→ The data:
----------------

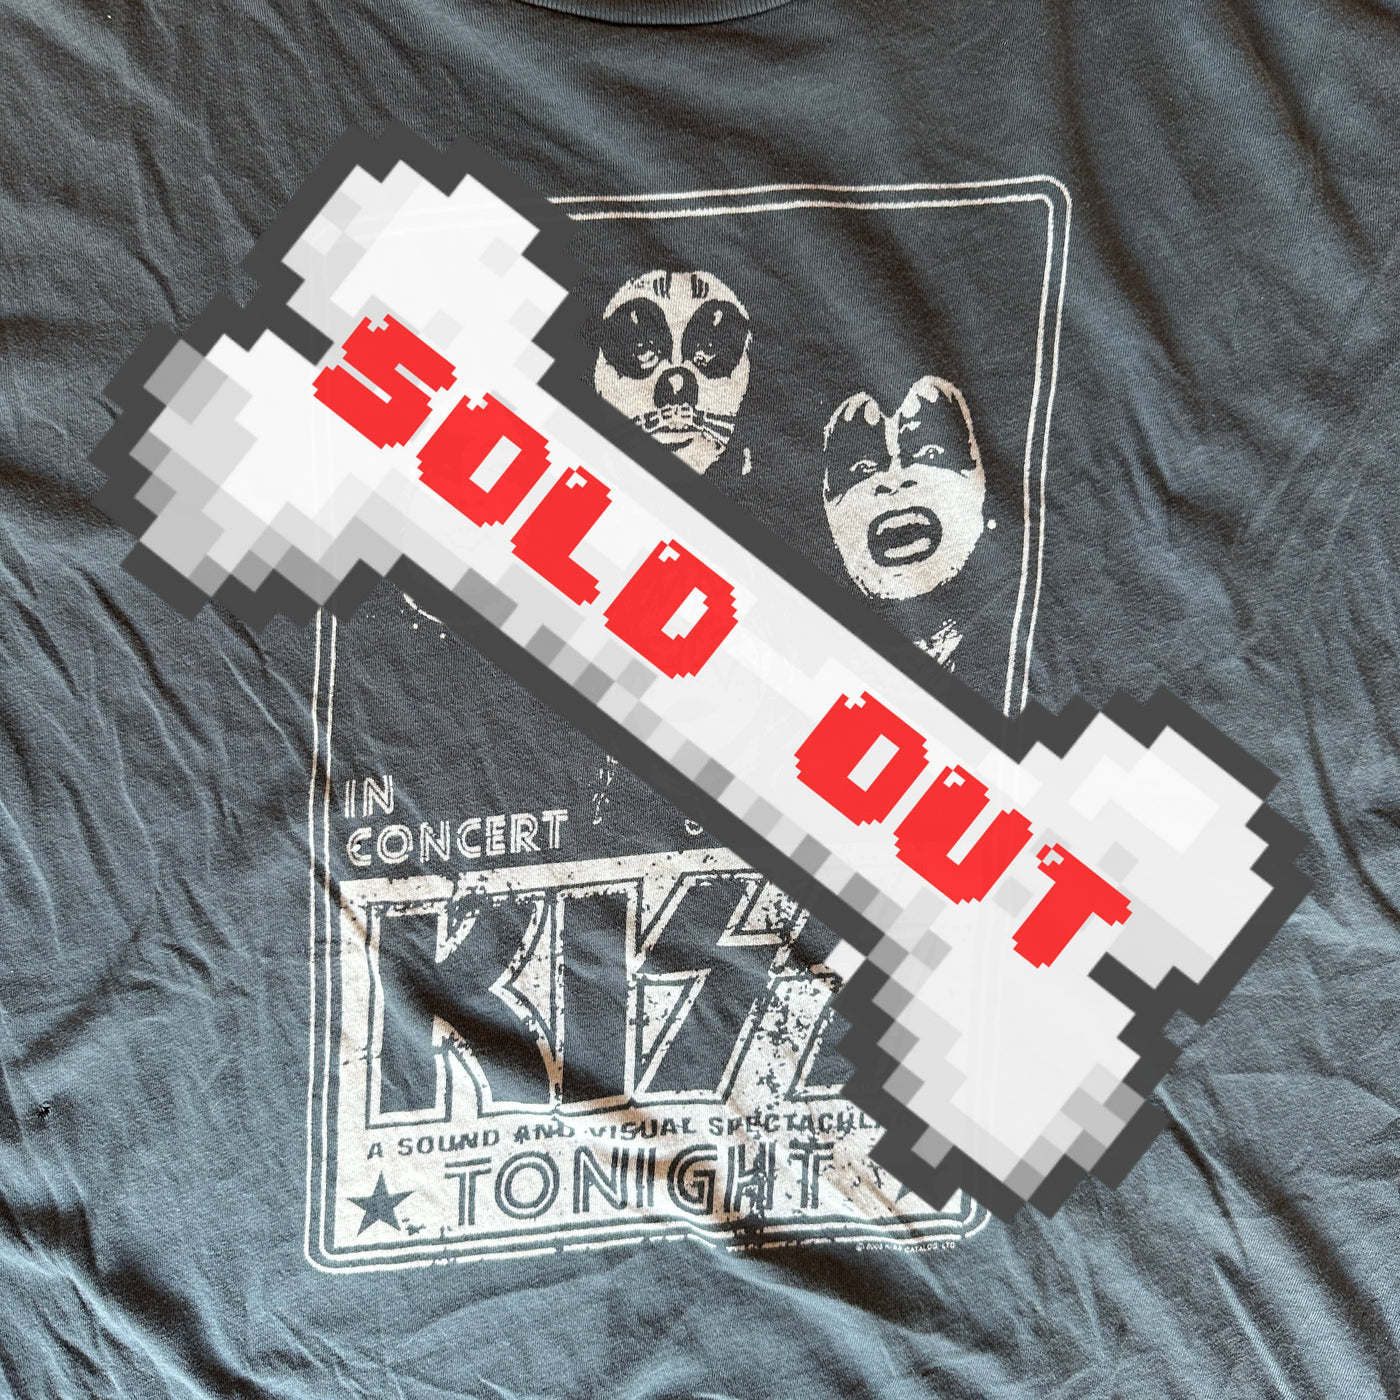 2004 Dark Grey “Kiss in Concert” Band T-Shirt
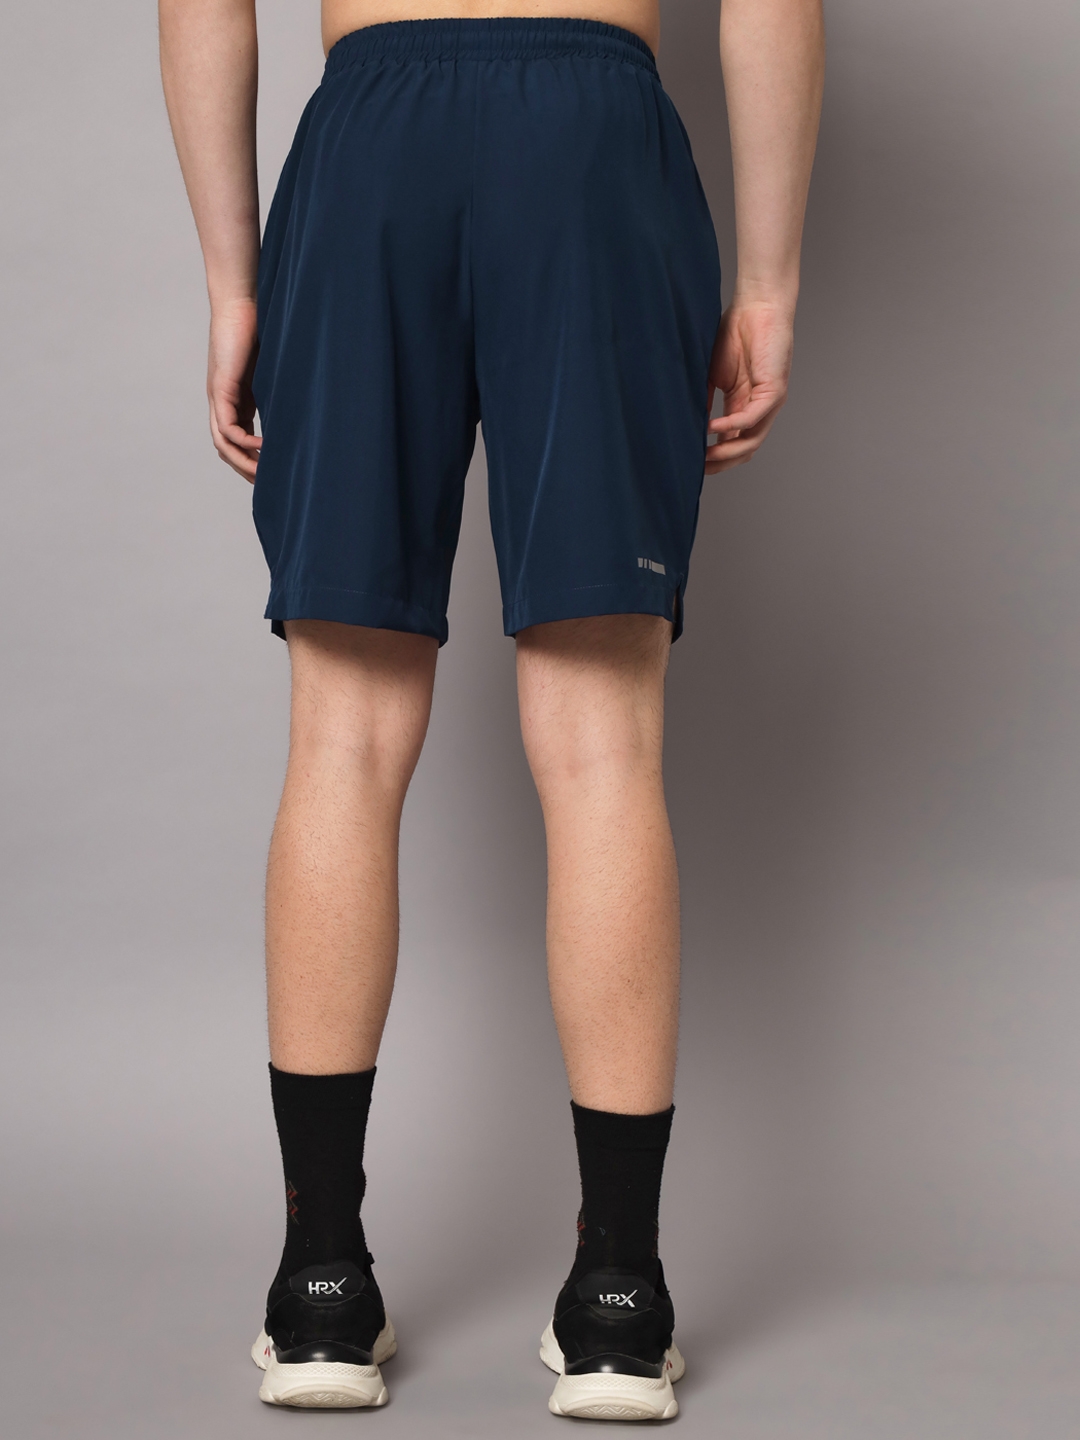 Masch Sports | Masch Sports Men’s Sports Wear, Active Wear, Gym, Running & Training Shorts with Zipped Pockets 4
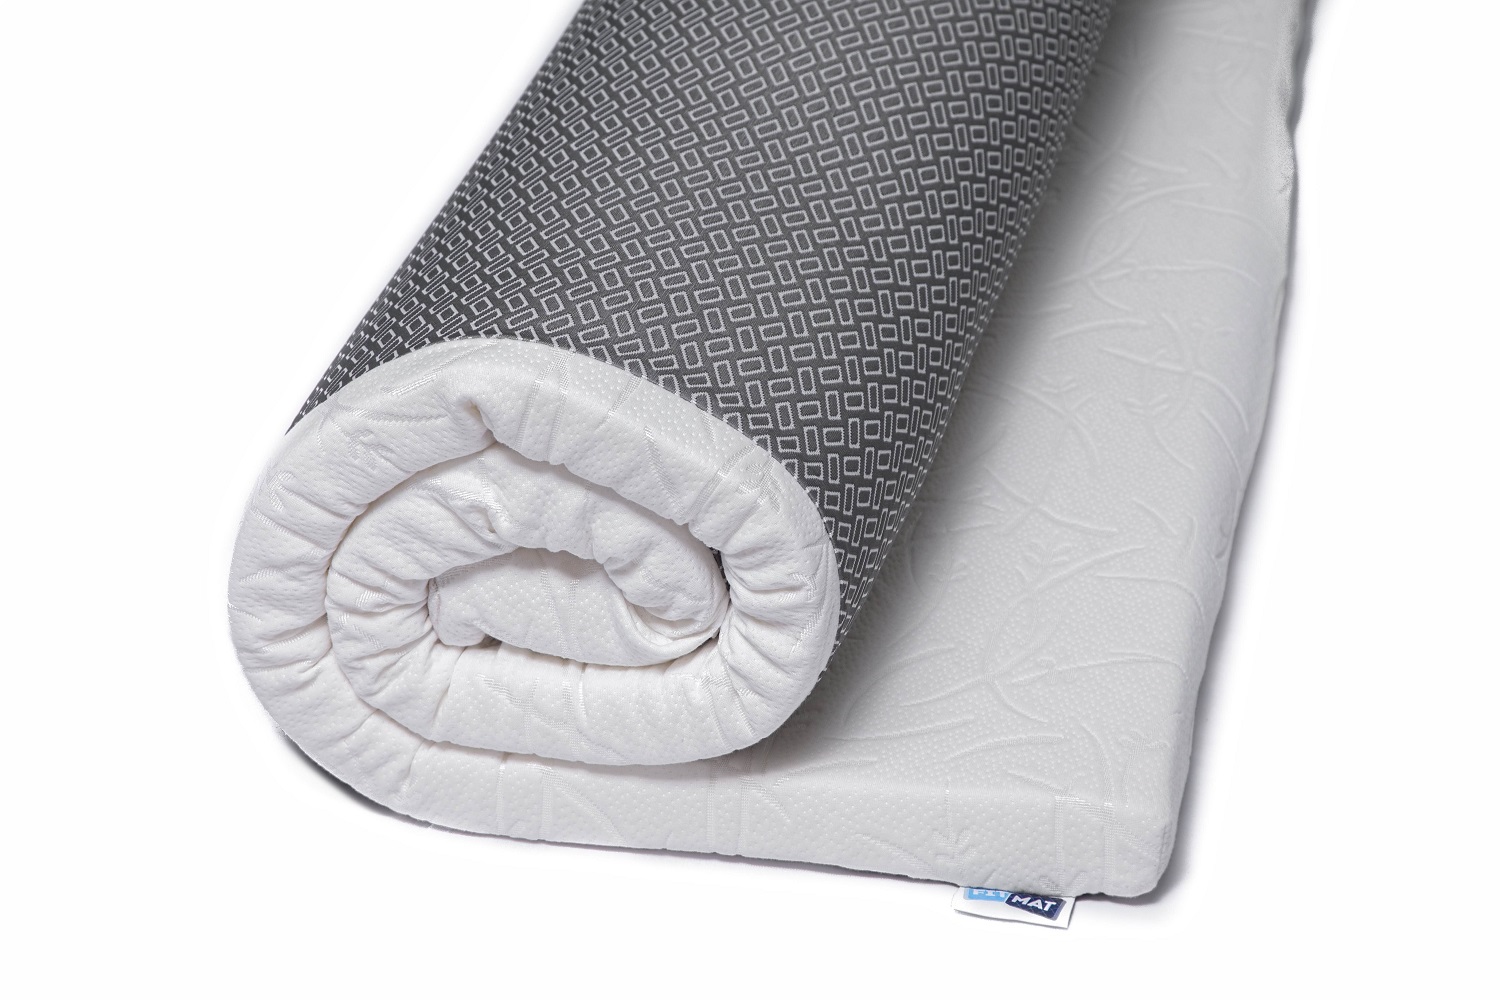 foam mattress zipper cover
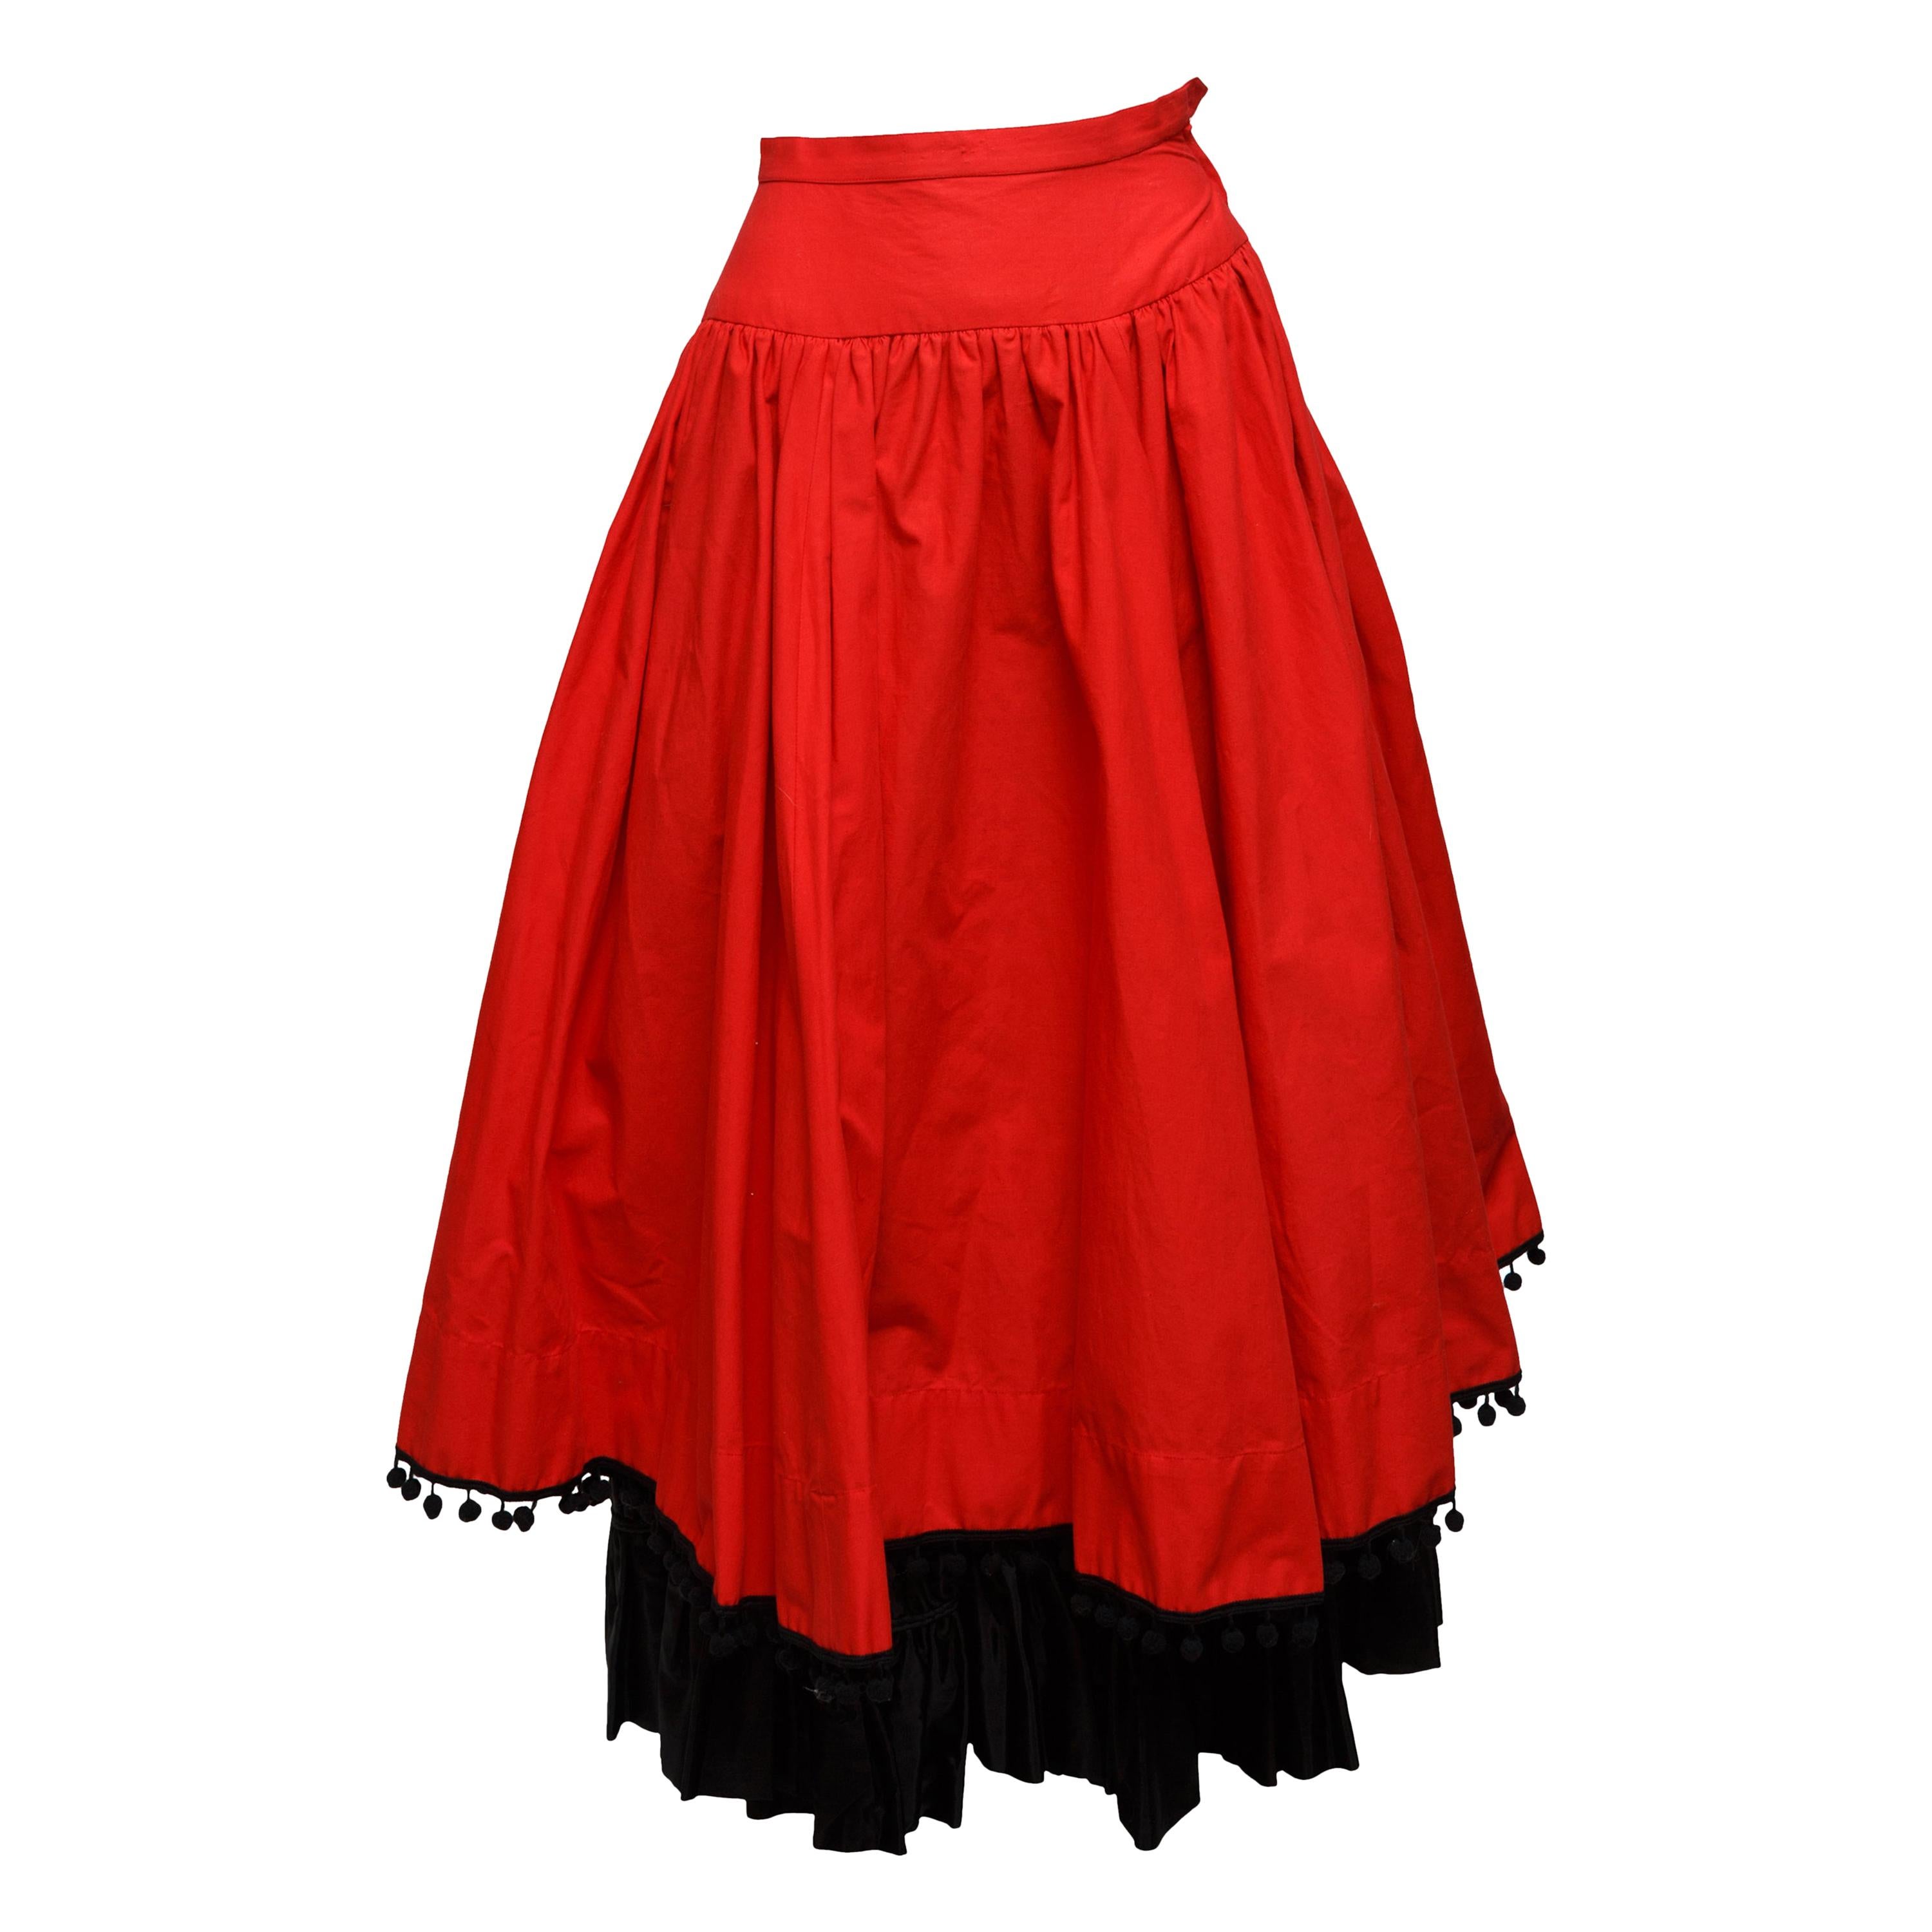 Yves Saint Laurent Red & Black 1977 Collection Skirt

----------------

Set down the material above exactly. Skip any picture.

→ Written reply:
 2004 Dark Grey “Kiss in Concert” Band T-Shirt
 Masch Sports | Masch Sports Men’s Sports Wear, Active Wear, Gym, Running & Training Shorts with Zipped Pockets 4
 foam mattress zipper cover
 Yves Saint Laurent Red & Black 1977 Collection Skirt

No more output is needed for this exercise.